Abstract: SA-PO455
Mild AKI in a Murine Polymicrobial Sepsis Model and Its Value for Preclinical Testing of Human Cell Therapies
Session Information
- Development and Regenerative Medicine
November 09, 2019 | Location: Exhibit Hall, Walter E. Washington Convention Center
Abstract Time: 10:00 AM - 12:00 PM
Category: Development, Stem Cells, and Regenerative Medicine
- 500 Development, Stem Cells, and Regenerative Medicine
Authors
- Fazekas, Barbara, National University of Ireland Galway, Galway, Ireland
- Alagesan, Senthilkumar, Orbsen Therapeutics Ltd, Galway, Ireland, Galway, Ireland
- Watson, Luke, Orbsen Therapeutics Ltd, Galway, Ireland, Galway, Ireland
- Ng, Olivia, Orbsen Therapeutics Ltd, Galway, Ireland, Galway, Ireland
- Conroy, Callum Michael, Orbsen Therapeutics Ltd, Galway, Ireland, Galway, Ireland
- Garcia, Yolanda, National University of Ireland Galway, Galway, Ireland
- Elliman, Stephen Joseph, Orbsen Therapeutics Ltd, Galway, Ireland, Galway, Ireland
- Griffin, Matthew D., National University of Ireland Galway, Galway, Ireland
Background
Even mild AKI greatly worsens the prognosis of sepsis. Allogeneic mesenchymal stem cells (allo-MSC) have potential therapeutic value in sepsis-associated (SA)-AKI but their optimal administration is undetermined. Improved analysis of human MSC effects in pre-clinical models of SA-AKI could improve future clinical trial design. We aimed to develop a model of mild SA-AKI in which to test a human allo-MSC cell product.
Methods
Caecal ligation and puncture (CLP) or Sham surgery with frequent post-procedural monitoring were performed in male C57BL/6 mice.

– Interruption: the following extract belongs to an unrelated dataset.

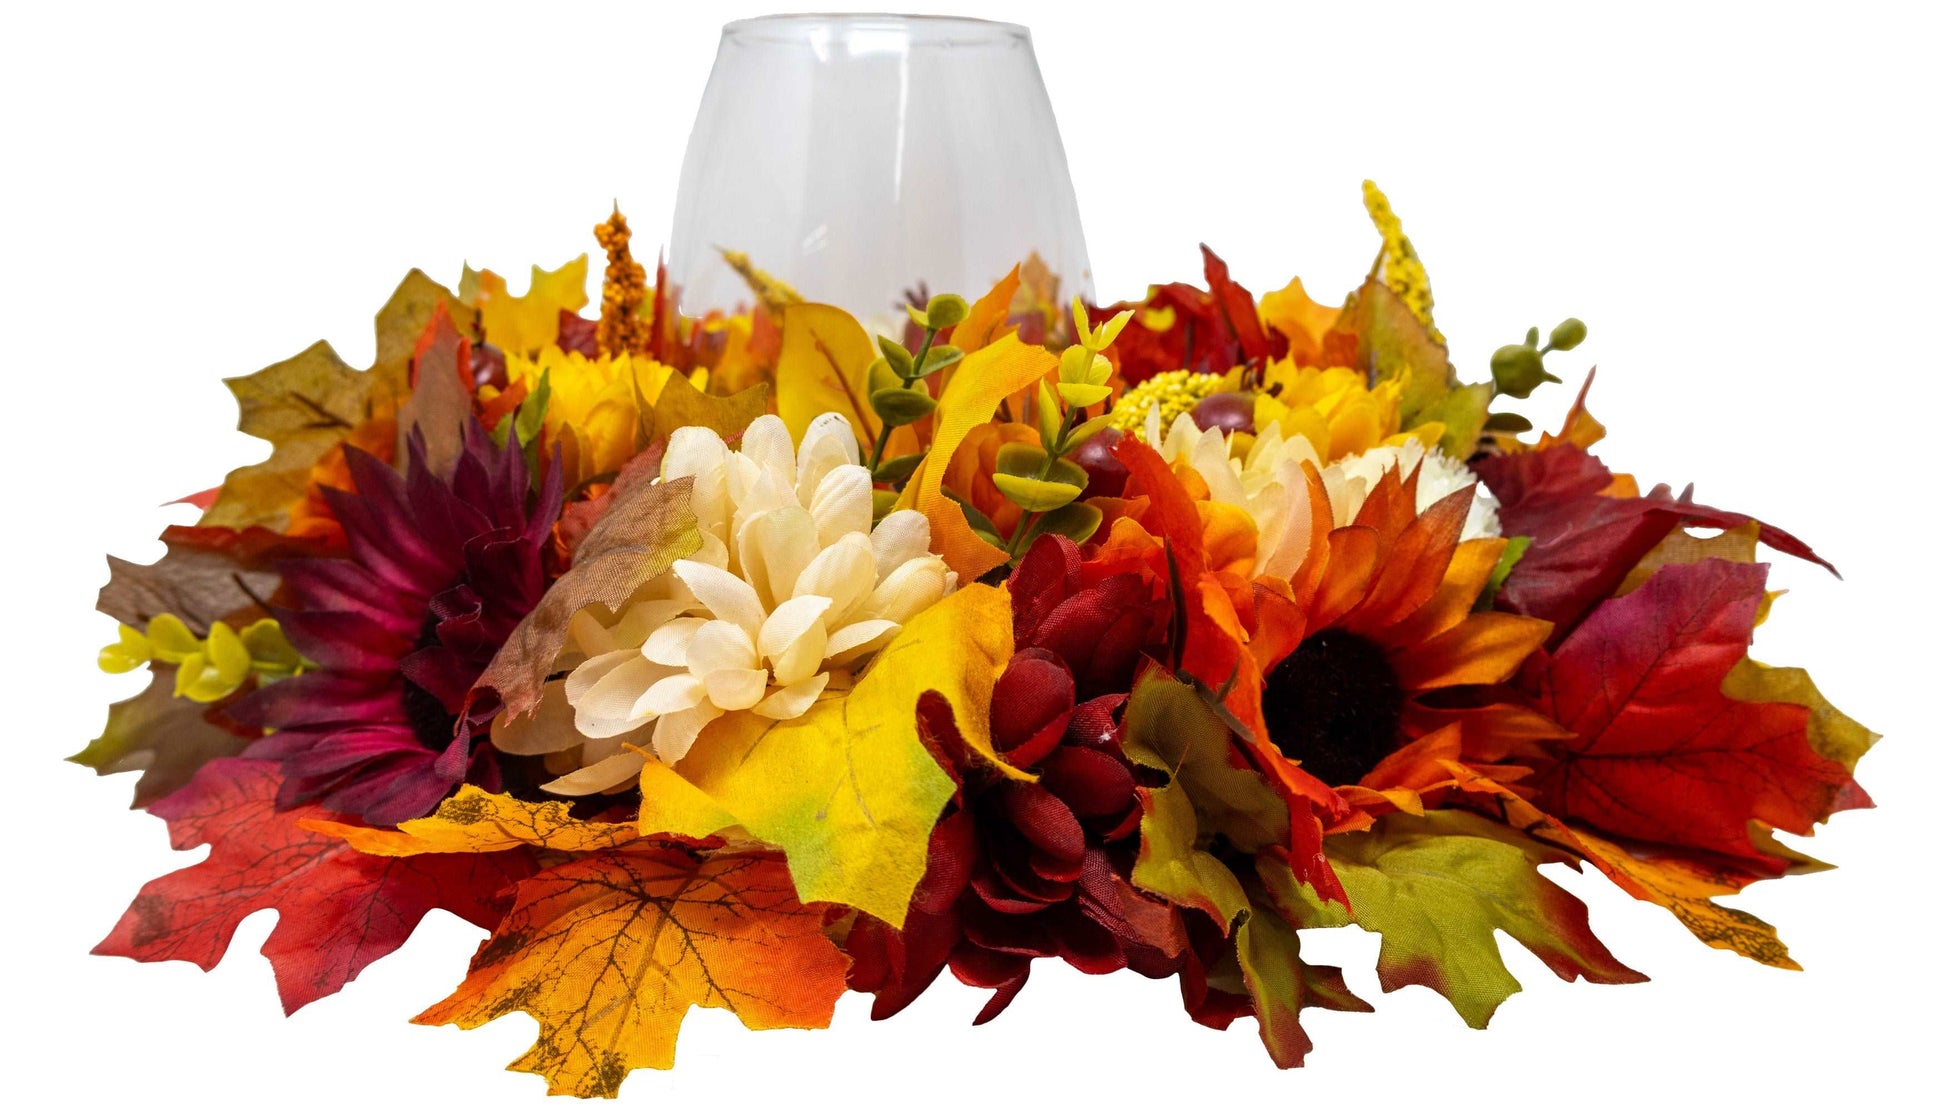 Fall Floral Round Centerpiece Wreath With Hurricane Glass Candle Holder

Blood was sampled at 24, 48 and 72 hrs and kidney tissue collected at 72 hrs. Antibody-selected human umbilical cord (UC)-MSC were injected IV at 106 cells/animal 4 hours post-CLP. Plasma and renal tubular neutrophil gelatinase-associated lipocalin (NGAL) were quantified by ELISA and IHC. Renal lymphoid and myeloid cells were quantified by multi-color flow cytometry of collagenase/DNAase-digested kidney.
Results
CLP was associated with 10-15% body weight loss and low (10%) mortality by 72 hrs. Plasma liver enzymes were mildly increased in CLP vs Sham but BUN and creatinine were not raised. Plasma (p)NGAL was markedly increased in CLP versus SHAM animals (p<0.001), peaking at 24 hrs and remaing elevated at 48 & 72 hrs. NGAL staining intensity in renal tubular epithelial cells strongly discriminated between CLP and SHAM at 72 hrs (Mean score 2.6±1.2 vs. 0.0±0.0, p=0.0003) and correlated with pNGAL. Intra-renal immune cell profiling indicated that SA-AKI was associated with proportionatley reduced T-cells, increased neutrophils and a complex modulation of MHC II+ mononuclear phagocytes (MP). A single administration of UC-MSC (compared to saline) resulted in less body weight loss (6.8±3.7% vs. 10.0±5.2%, p<0.05), trends toward lower pNGAL and renal NGAL staining intensity and reversal of SA-AKI-associated alterations to intra-renal T-cells, neutrophls and MP.
Conclusion
Mouse CLP with frequent post-procedural monitoring resulted in mild SA-AKI best detected by pNGAL, renal tubular NGAL staining intensity and altered intra-renal immune cell repertoire. The model allowed for quantification of the kidney-specific effects of an investigational human allo-MSC product in the setting of subclinical SA-AKI.
Funding
- Commercial Support – Orbsen Therapeutics Ltd.